How about another approach - a little different. Are you perhaps afraid of what OTHERS will think of you if you mention God? This is another very big possibility for many. In our scientific, post modern culture, God is some archaic remnant of past, ignorant generations. Let me give an analogy. Although it is perfectly normal now, when I was a child, nearly all women were mothers and 'home-makers'. Then the 'feminist' movement came along, and it became nearly shameful for a woman NOT to have a job or career outside the home. Women who wanted to simply be mothers and home-makers were even shunned to some degree. I even remember walking down the street in downtown Seattle one day and realizing I no longer ever saw women (other than very old women) in skirts or dresses.
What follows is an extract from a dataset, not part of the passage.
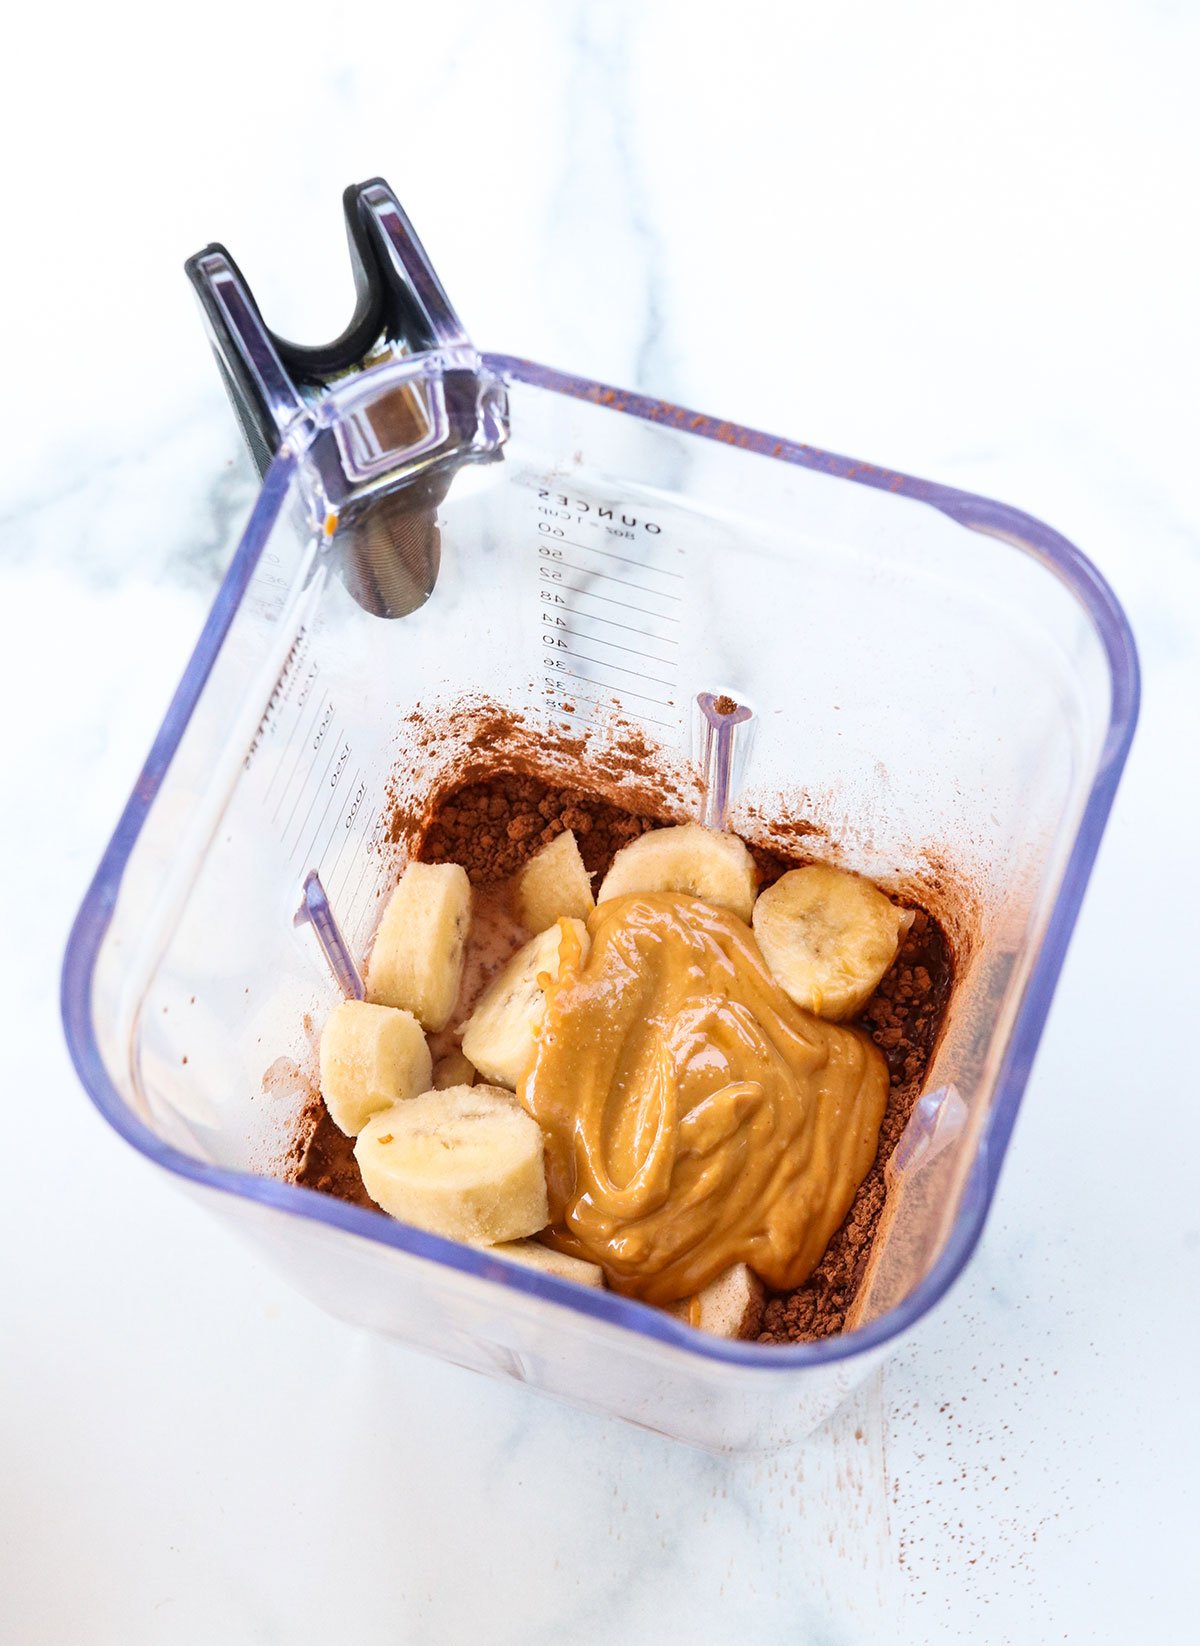 peanut butter, cocoa powder, and frozen bananas in a blender pitcher.

It was as if all of a sudden, all women were required to wear pants, whereas prior to that you rarely saw women in pants. ( I know this is partly due to styles which come and go, but his was different.) Of course as time went by, it no longer became unacceptable to be a mother only, and many women re-asserted their right to stay at home if they wanted. (And of course, there was the option for dads to stay at home as well.)
So, in this culture, where God tends to be seen as the archaic remnant of a negative, patriarchical, destructive culture, why not choose philosophies which denied God's existence, or at the very least ignores it. And by claiming a belief in, or allegiance to God, you are essentially saying that "I am a completely backwards and ignorant, non-thinking, acceptor of a childish myth!"
Anyway, as I am myself VERY guilty of promoting an advaitic-like philosophy for many years, based on my own direct recognition of an Infinite, and Absolute Self, I never denied the possibility of a Personalized Godhead. In fact, by definition, if God is Everything, God must be both personal and impersonal, infinite and finite. And that in our desire to make the Absolute fit OUR ideas of what it should be, rather than truly delving into the depts of it, we may VERY well throw the baby out with the bathwater. And that is a very 'egoic' thing to do.
So once more, "Does the word God scare you?"